● Task directions
Omit the pictures and retype only the lines from the one containing "gorgeous may bluebells" through the end of the listing, both ends included.
Data block below:
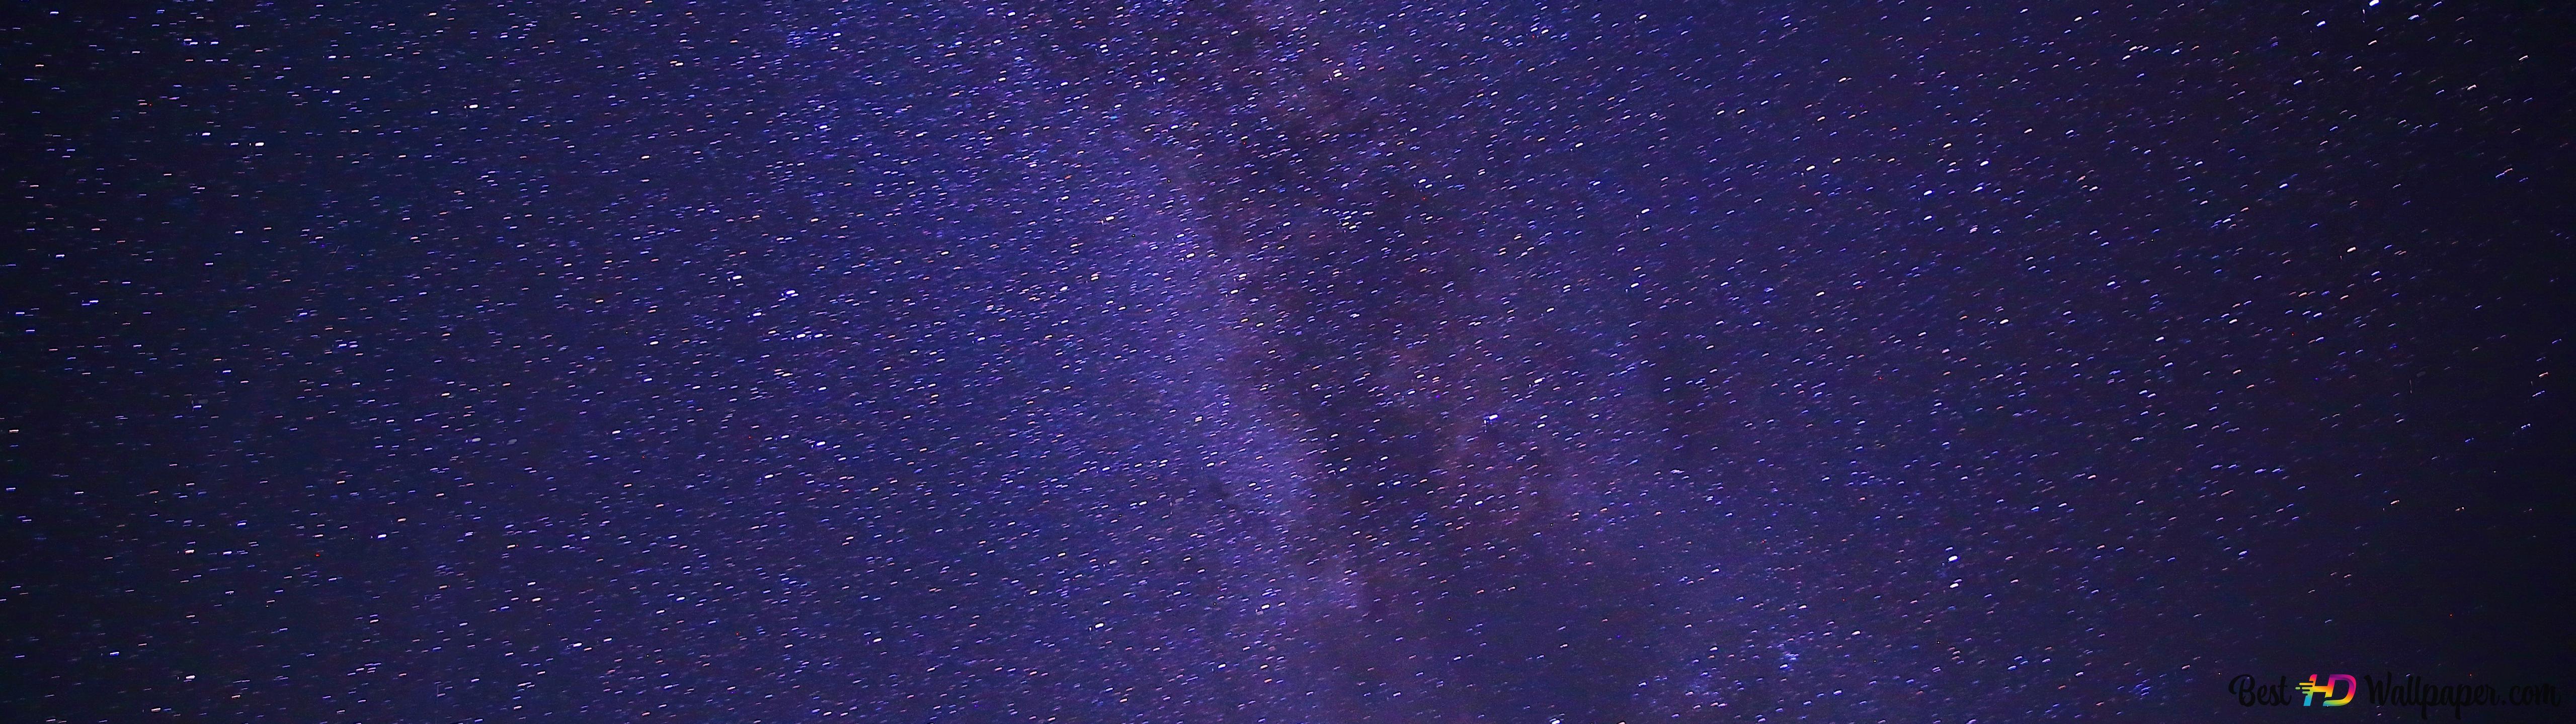 Billions Stars In The Night Sky Hd Wallpaper Download
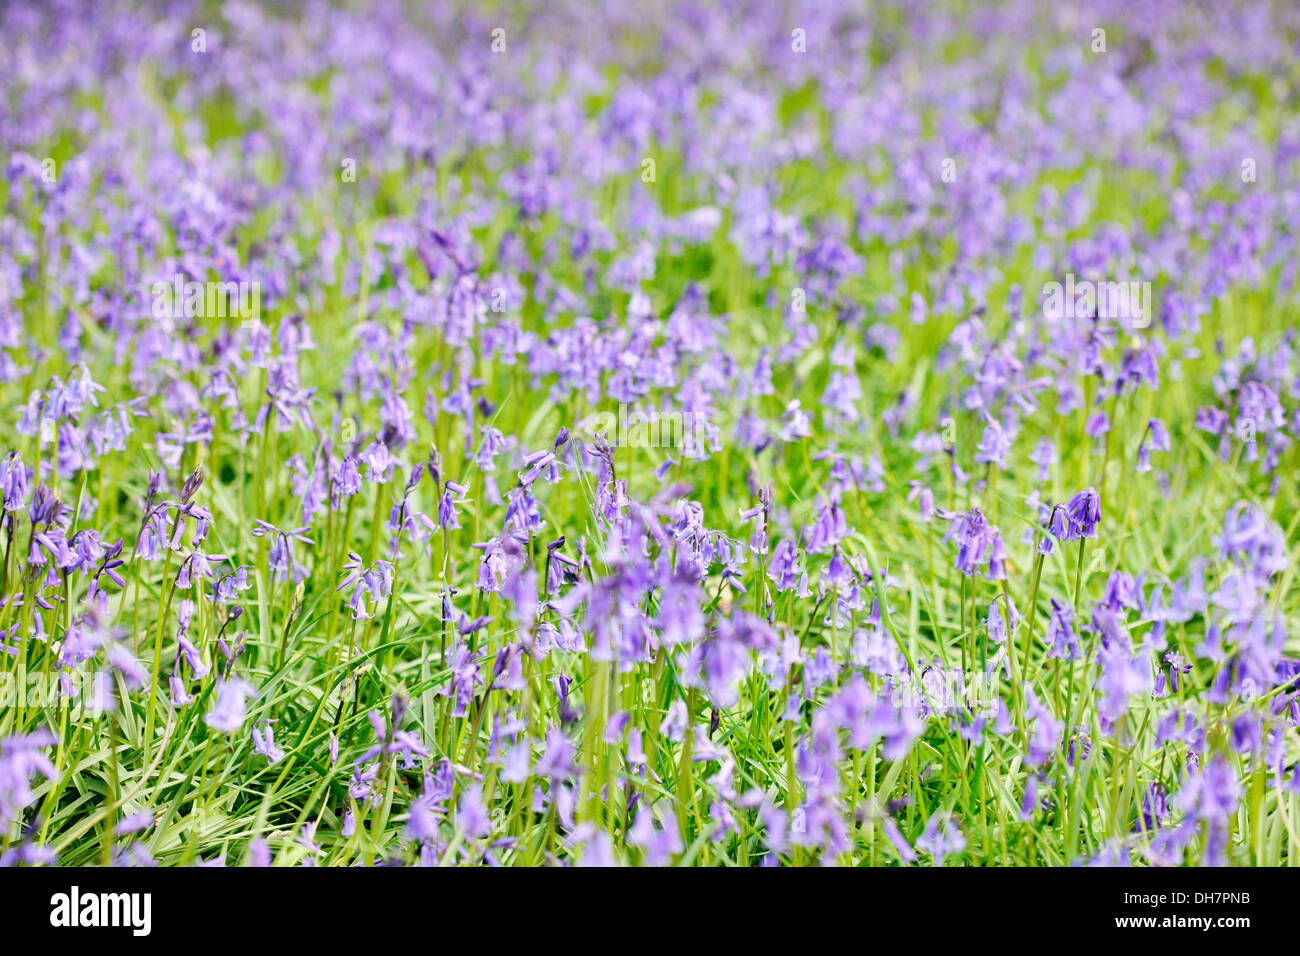 gorgeous may bluebells  Jane Ann Butler Photography  JABP1008 Stock Photo
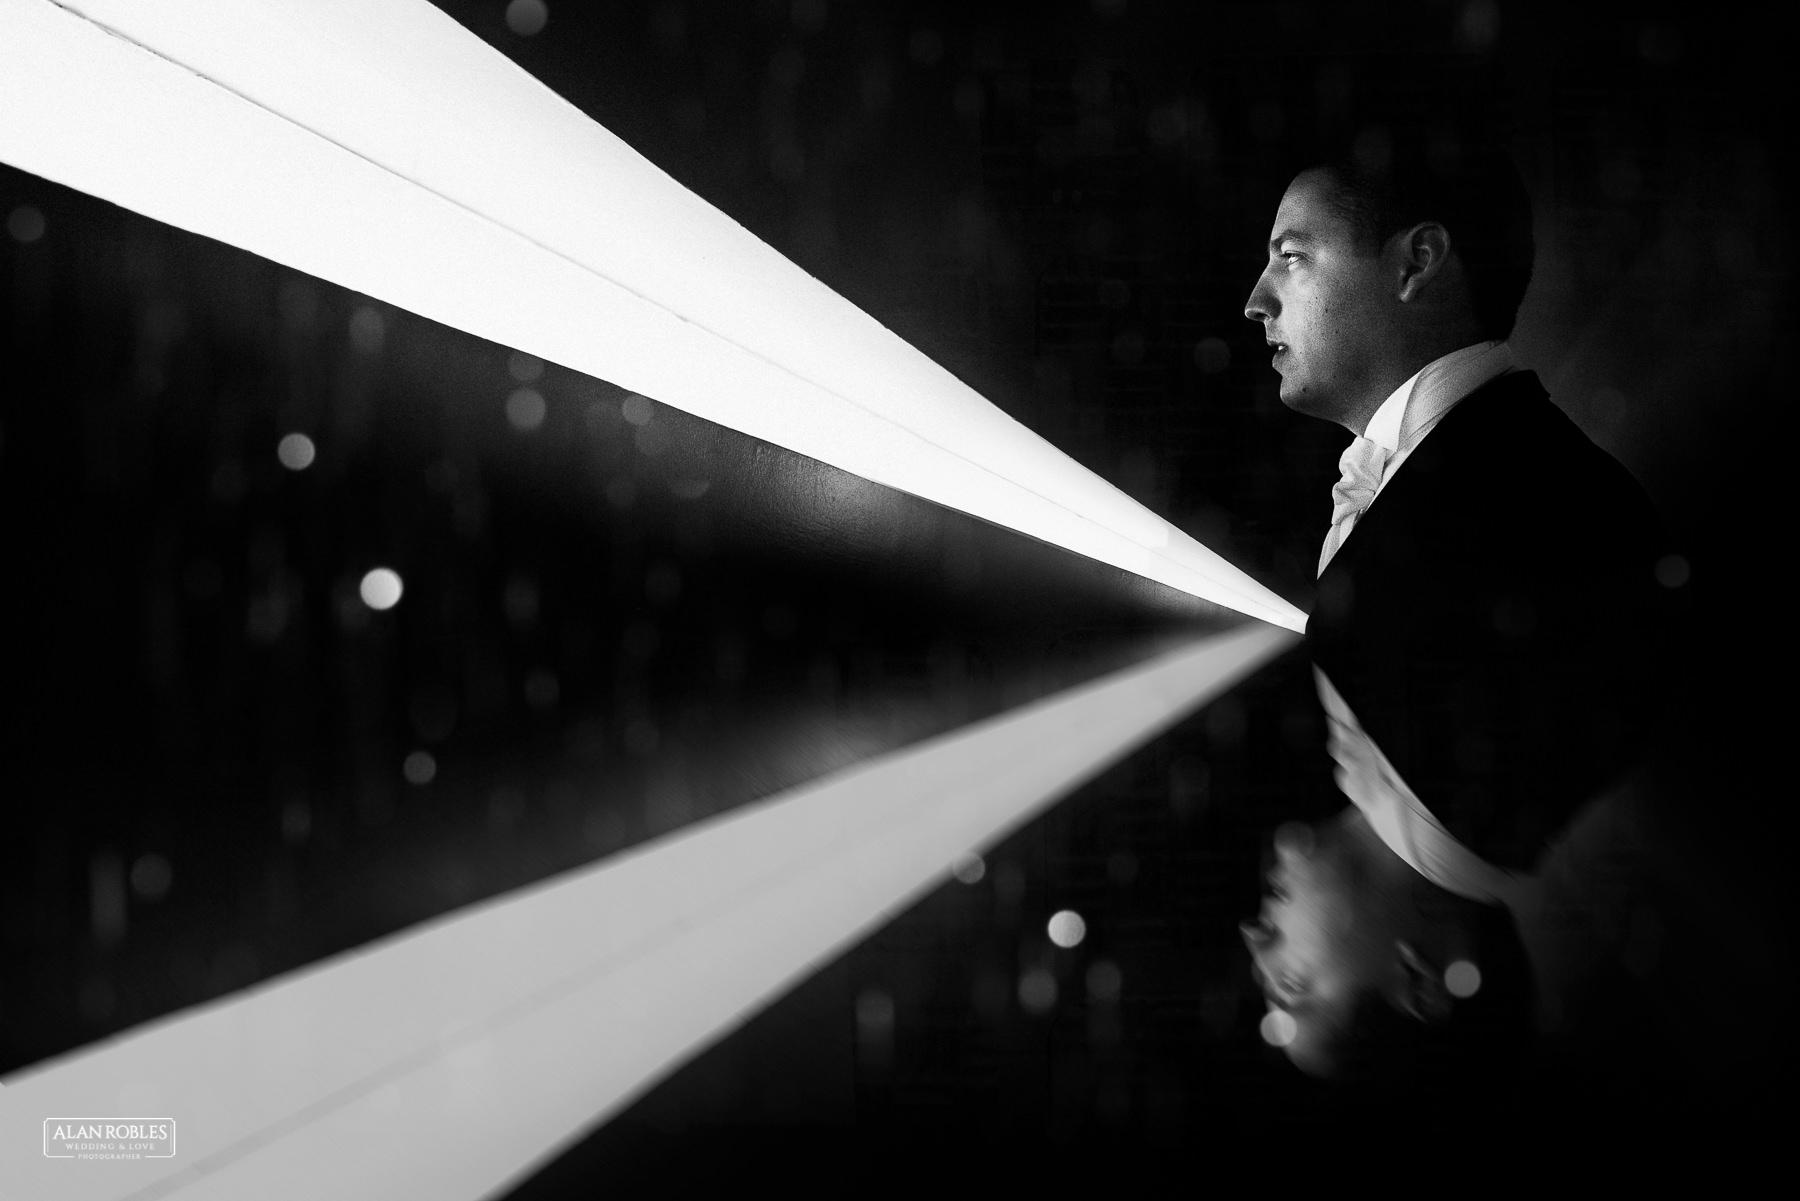 Alan Robles fotografo de bodas guadalajara - LyP Hotel Demetria-35
End of Data block.
● Solution for this problem
 gorgeous may bluebells  Jane Ann Butler Photography  JABP1008 Stock Photo
 Alan Robles fotografo de bodas guadalajara - LyP Hotel Demetria-35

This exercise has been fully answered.